Kedua, jika terjadi handball dengan tidak disengaja oleh pemain lain dari tim yang menyerang sebelum terjadinya gol, maka gol akan tetap disahkan. Namun, akan jadi berbeda tafsir, jika pemain yang melakukan handball itu mencetak gol.
Pemain Manchetser United tertunduk lesu usai kalah dari Middlesbrough (Foto: Reuters)
“Jika handball pemain tim yang menyerang terjadi dengan tidak disengaja sebelum pemain lain yang mencetak gol, gol tersebut sekarang akan diberikan. Ketika musim lalu kemungkinan besar akan dianulir. Namun, seorang pemain akan tetap dihukum jika pemain tersebut melakukan handball yang tidak disengaja, tapi segera mencetak gol untuk dirinya sendiri,” imbuh mereka.
Dalam kasus gol Crooks tersebut, Watmore berstatus sebagai pemberi umpan. Handball-nya dianggap dilakukan dengan tidak sengaja. Alhasil, gol tersebut tetap disahkan oleh wasit.
Kejadian itu mendapat sorotan dari salah satu legenda sepakbola Inggris, Gary Lineker. Dirinya menilai keputusan wasit memang tepat. Tapi, menurutnya peraturan handball sekarang ini sangat aneh dan konyol.
“Keputusan yang tepat telah dibuat mengingat keanehan peraturan yang ada. Jelas tidak disengaja, tetapi jika dia mencetak gol untuk dirinya sendiri, itu akan dianulir,” cuit Lineker di Twitter-nya, @GaryLineker, Sabtu (5/2/2022).

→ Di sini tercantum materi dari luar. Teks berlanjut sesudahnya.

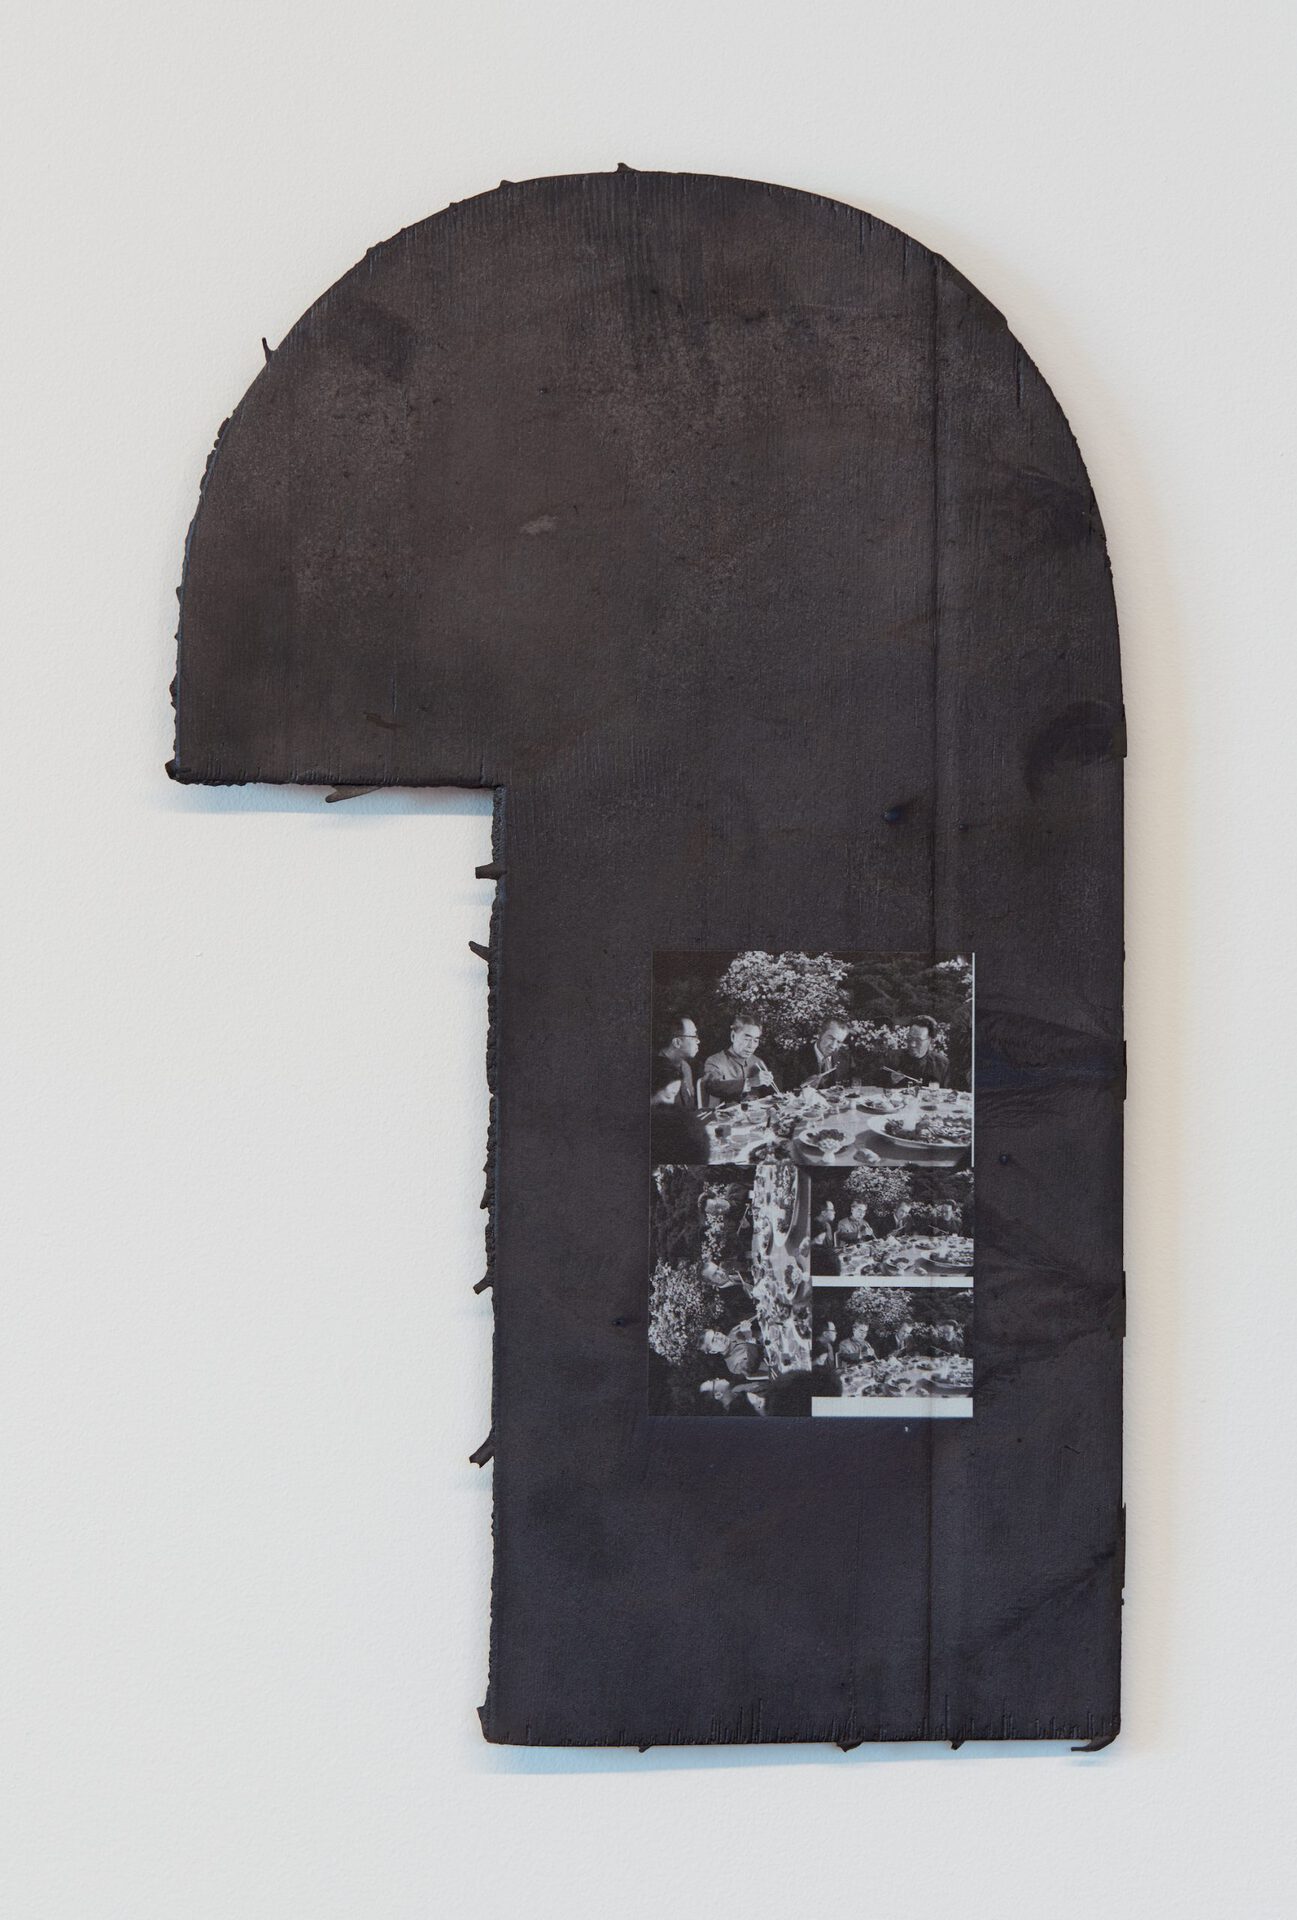 Martyn Reynolds, Black Hammer Nixon Banquet Testsheet, 2020, anodized cast aluminum, uv print, 48 x 30 cm

“Peraturan handball dulu baik-baik saja. Mereka sekarang membuatnya jadi konyol,” cetusnya.
Pertandingan itu sendiri pada akhirnya dimenangkan oleh Middlesbrough lewat adu penalti dengan skor (8-7). Sebelumnya, selama 120 menit laga berjalan, Manchester United dan Middlesbrough berbagi angka (1-1). Hasil itu memaksa Manchester United tersingkir dari Piala FA 2021-2022.